Generell wird die Zementschicht von koronal (50 bis 150 µm) nach apikal (200 bis 600 µm) dicker (Rateitschak et al. 2004). Während der koronale Zementbereich zellfrei ist, kommen im apikalen Abschnitt Zellen (Zementozyten) vor.

Zement enthält in der Regel kollagene Fasern. Zwei Fasersysteme können unterschieden werden:

 Um die Zahnwurzel verlaufende, nur auf das Zement beschränkte Bündel kollagener Fibrillen (Fäserchen) („intrinsische Fasern“), die sog. von-Ebner-Fibrillen. Solche Fasern sind immer vorhanden, wenn das Zement zellhaltig ist.

 Vom Periost in das Wurzelzement einstrahlende Bündel kollagener Fasern („extrinsische Fasern“), die sog. Sharpey-Fasern.

Es lassen sich vier Zementarten unterscheiden (Abb. 2-34):

 Azelluläres Fremdfaserzement.

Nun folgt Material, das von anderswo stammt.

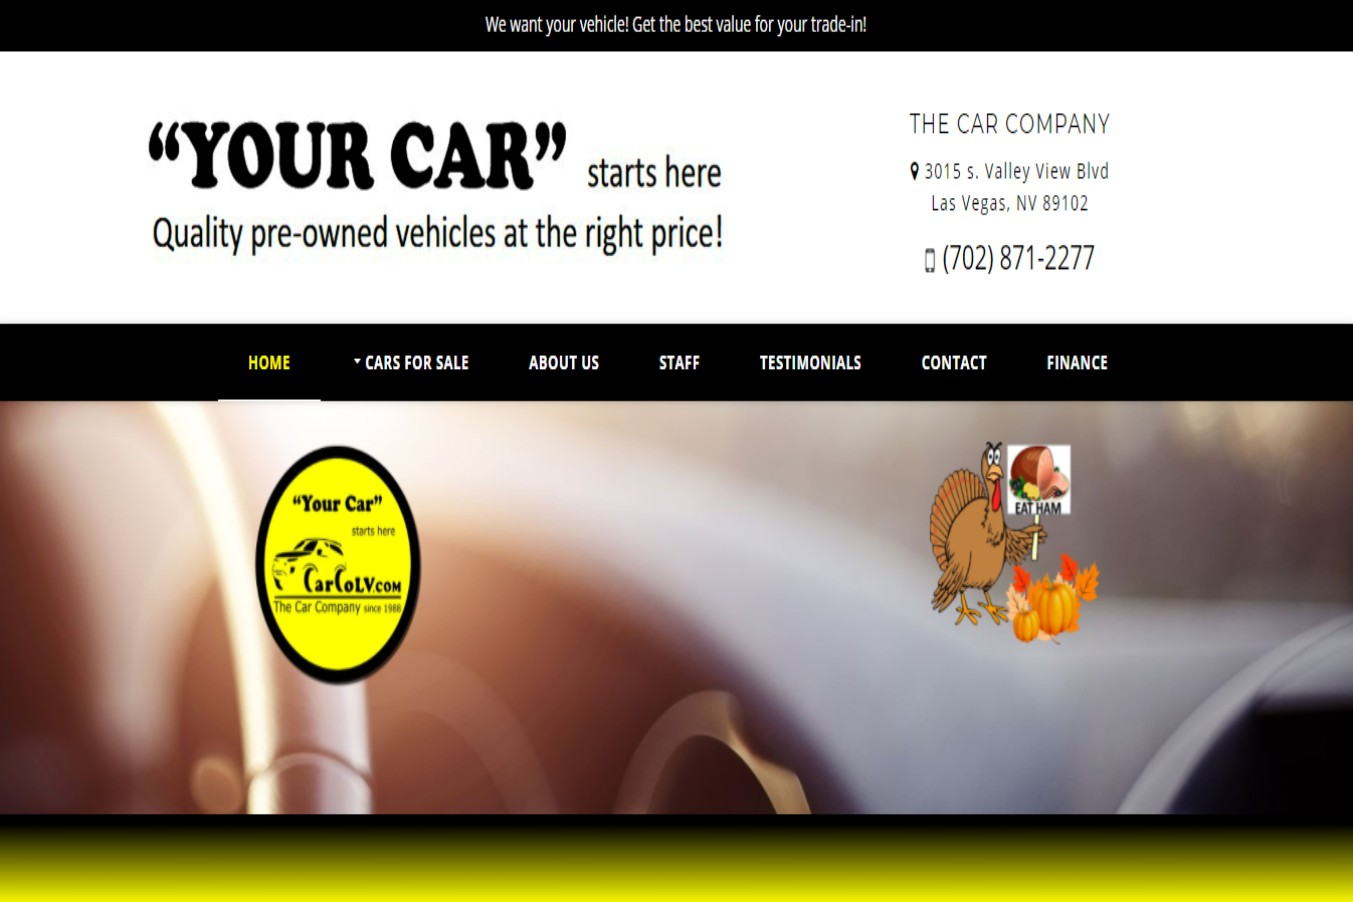 Top rated car dealership in Las Vegas, NV
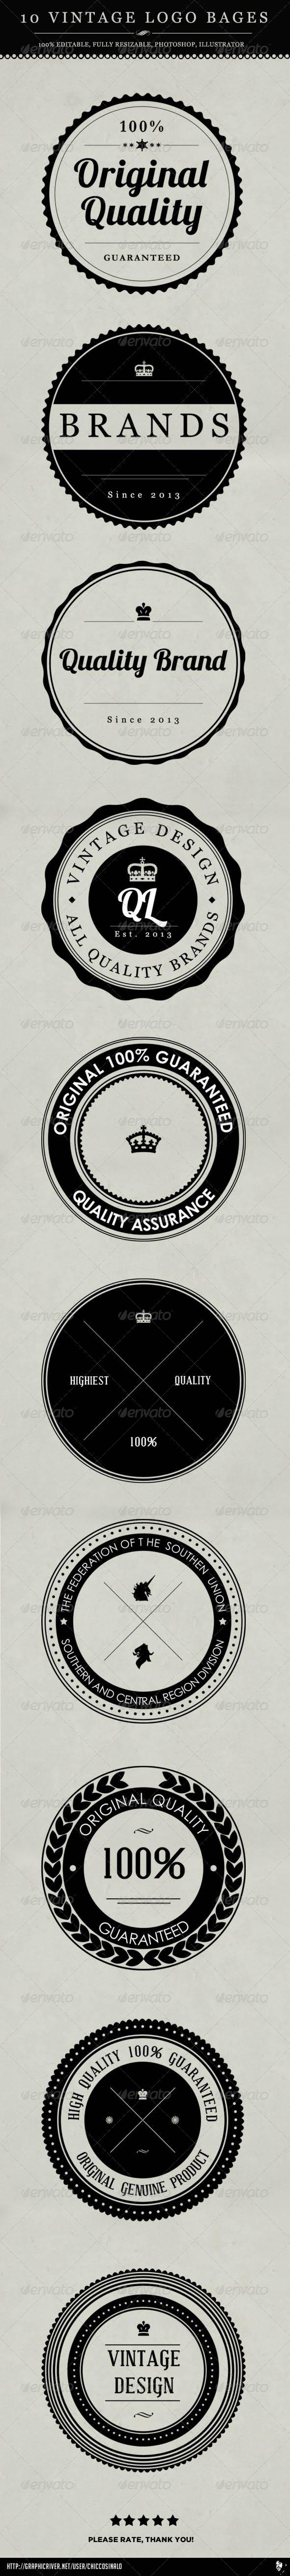 GraphicRiver 10 Vintage Logo Badges 4118900

In diese zellfreie Zementart strahlen von außen Fremdfasern (Sharpey-Fasern) ein. Es kommt in den zervikalen und mittleren Wurzelabschnitten vor.

 Zelluläres Gemischtfaserzement. Diese zellhaltige Zementart enthält Zementozyten und damit die von diesen Zellen gebildeten von-Ebner-Fibrillen (Eigenfasern). Darüber hinaus inserieren Sharpey-sche Fasern (Fremdfasern). Zelluläres Gemischtfaserzement ist im apikalen Wurzeldrittel und im Bereich von Bi- und Trifurkationen lokalisiert.

 Azellulär-afibrilläres Zement. Diese Zementart liegt dem zervikalen Bereich des Schmelzes in Form von Zementzungen und Zementinseln auf.

 Zelluläres Eigenfaserzement. Es besteht aus Zementozyten und von-Ebner-Fibrillen. Es wird bei Reparationsprozessen (Wurzelresorptionen, Wurzelfrakturen, Zahntraumata) gebildet.


Abb. 2-34 Lokalisation der verschiedenen Zementarten. a azelluläres Fremdfaserzement; b zelluläres Gemischtfaserzement; c azellulär-afibrilläres Zement; d zelluläres Eigenfaserzement.